Weaning a baby with reflux
For those of you who have been following me on Instagram for a while, you’ll know that Ada was diagnosed with reflux by a GP earlier on in her life. Unfortunately, after trying everything, we had to put her on meds, which made a real difference.
Luckily at around 5 months of age, we successfully weaned her off these and her reflux symptoms seemed to improve. I know this isn’t the case for many, many babies with reflux. So I wanted to share some information for any parents who are about to wean a reflux baby themselves.
Weaning a reflux baby
Because Ada’s symptoms had subsided somewhat when we started weaning at 6 months, we didn’t have much problem with her reflux getting worse. However, lots of people have asked if we were going to wean her early OR if there were any foods we should avoid when we start. I also had a few parents contact me and explain that cutting out some foods had really helped with their reflux symptoms.
As a result, I wanted to cover the evidence behind weaning a reflux baby in a bit more detail on my blog. Therefore, I enlisted the help of Charlotte Ockleton – Dietitian Lottie. Who, day to day in her work sees lots of babies with reflux who are about to start weaning.
Guidelines on weaning with reflux
Current guidance recommends starting complimentary feeding from 6 months of age. No earlier than 4 months of age (17 weeks). If starting before 6 months it is important to ensure your baby is developmentally ready. This is crucial for their safety, their overall development and also their nutritional needs. Starting solids too early can lead to nutritional deficiencies. It has also been associated with higher rates of infections.
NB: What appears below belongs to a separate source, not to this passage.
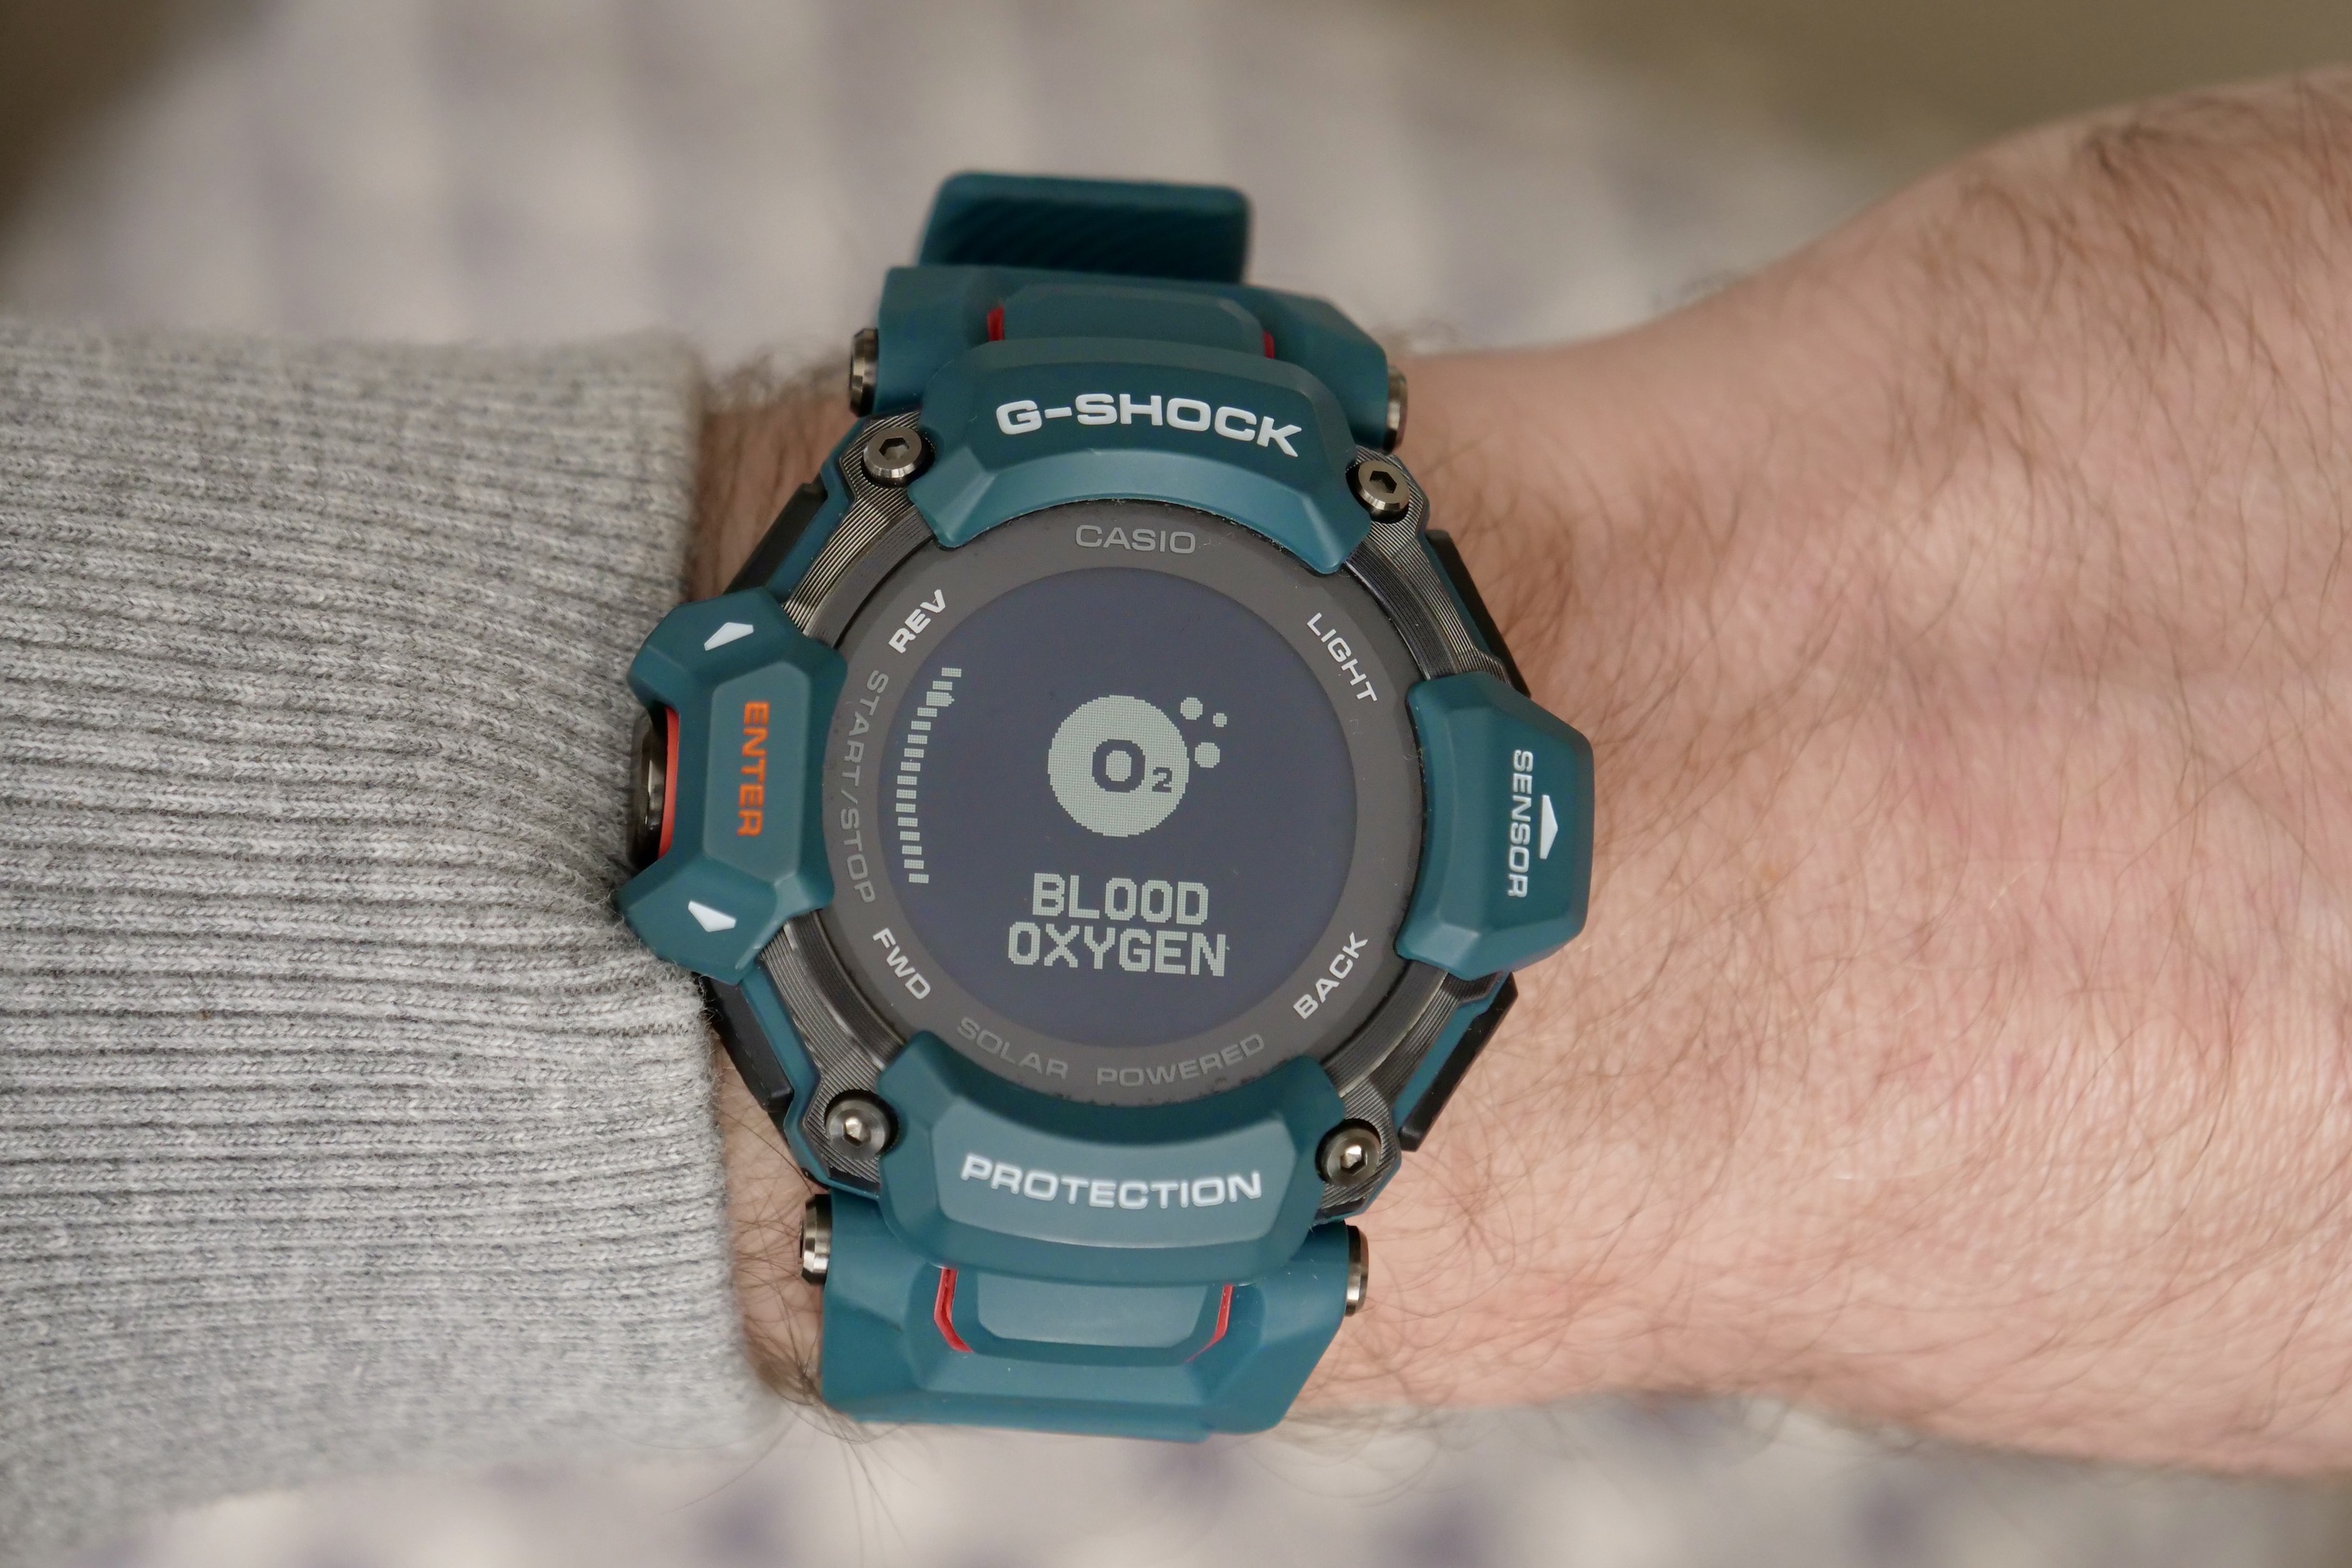 The G-Shock GBD-H2000 can measure blood oxygen levels.
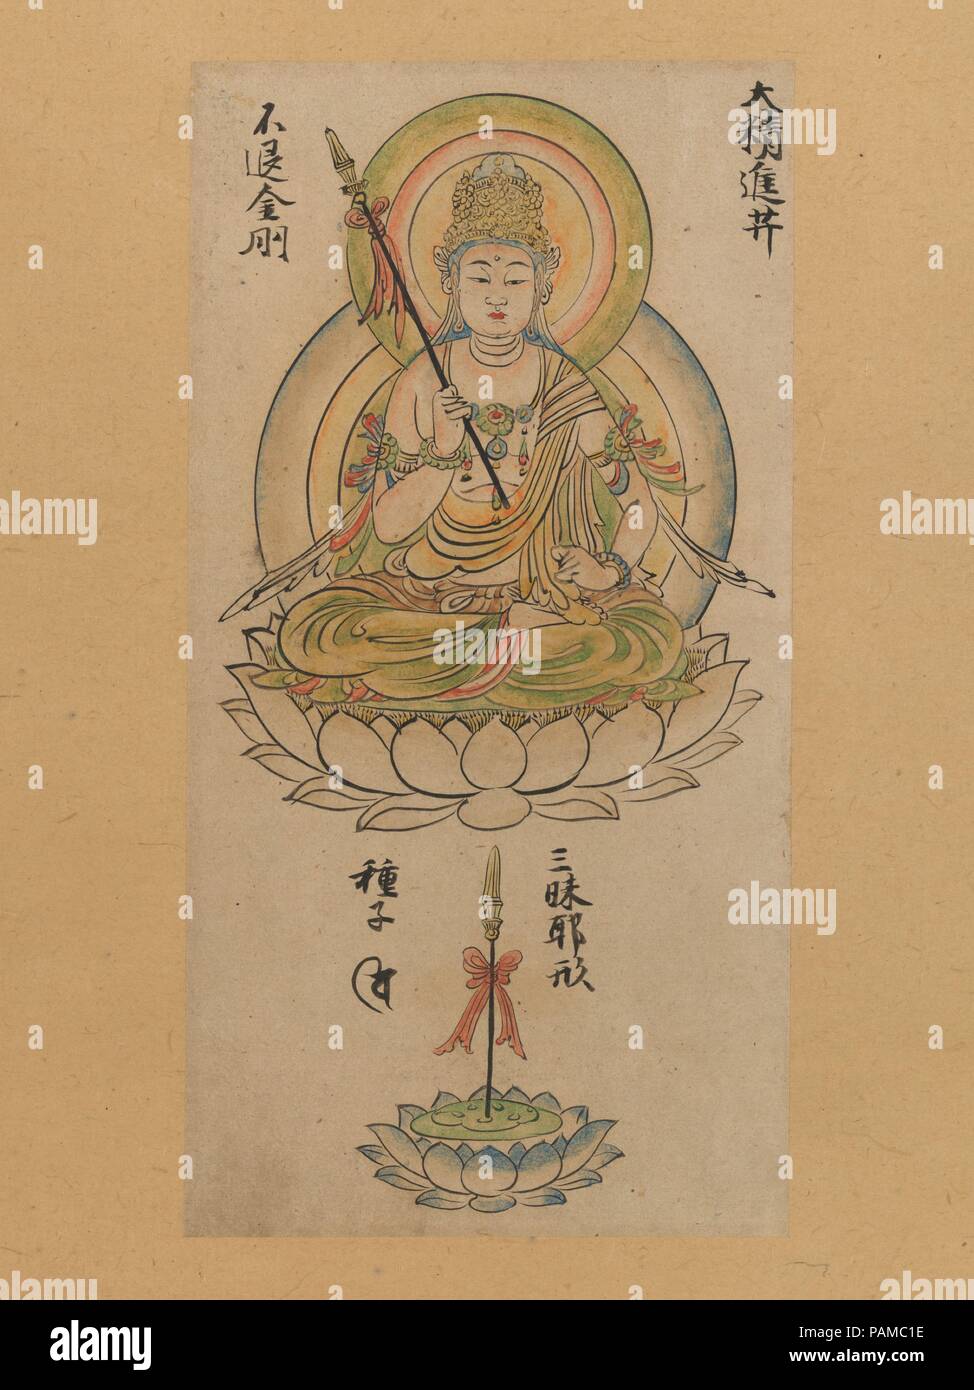 Daishojin Bosatsu, from 'Album of Buddhist Deities from the Diamond World and Womb World Mandalas' ('Kontai butsugajo'). Artist: Attributed to Takuma Tameto (Japanese, active ca. 1132-74). Culture: Japan. Dimensions: Image: 9 3/4 in. × 5 in. (24.7 × 12.7 cm)  Overall with mounting: 46 1/16 × 14 3/16 in. (117 × 36 cm)  Overall with knobs: 46 1/16 × 15 7/8 in. (117 × 40.3 cm). Date: 12th century.  A serene bodhisattva, or compassionate Buddhist deity, wearing an elaborate golden crown sits on a large lotus pedestal. The rainbow of colors on the body, garments, and halo are remarkably preserved f Stock Photo

This is of particular relevance to those with babies suffering from reflux. Currently, there is no robust evidence to support early (before 6 months) weaning to help alleviate symptoms of reflux in babies. Often, babies suffering from reflux are prescribed a thickener which helps their milk stay down. The theory that starting solids could help alleviate reflux is based on the texture of food typically being thicker than milk (particularly breast milk).
Whilst this is accurate, the reality is that the first few weeks of introducing solids is mainly about your baby exploring food (smells, tastes, textures). As opposed to eating large quantities of it. They are therefore still getting the majority of their nutrition from milk. It may also be that if your baby is having their milk thickened, the consistency is similar to your baby’s first purée consistencies anyway.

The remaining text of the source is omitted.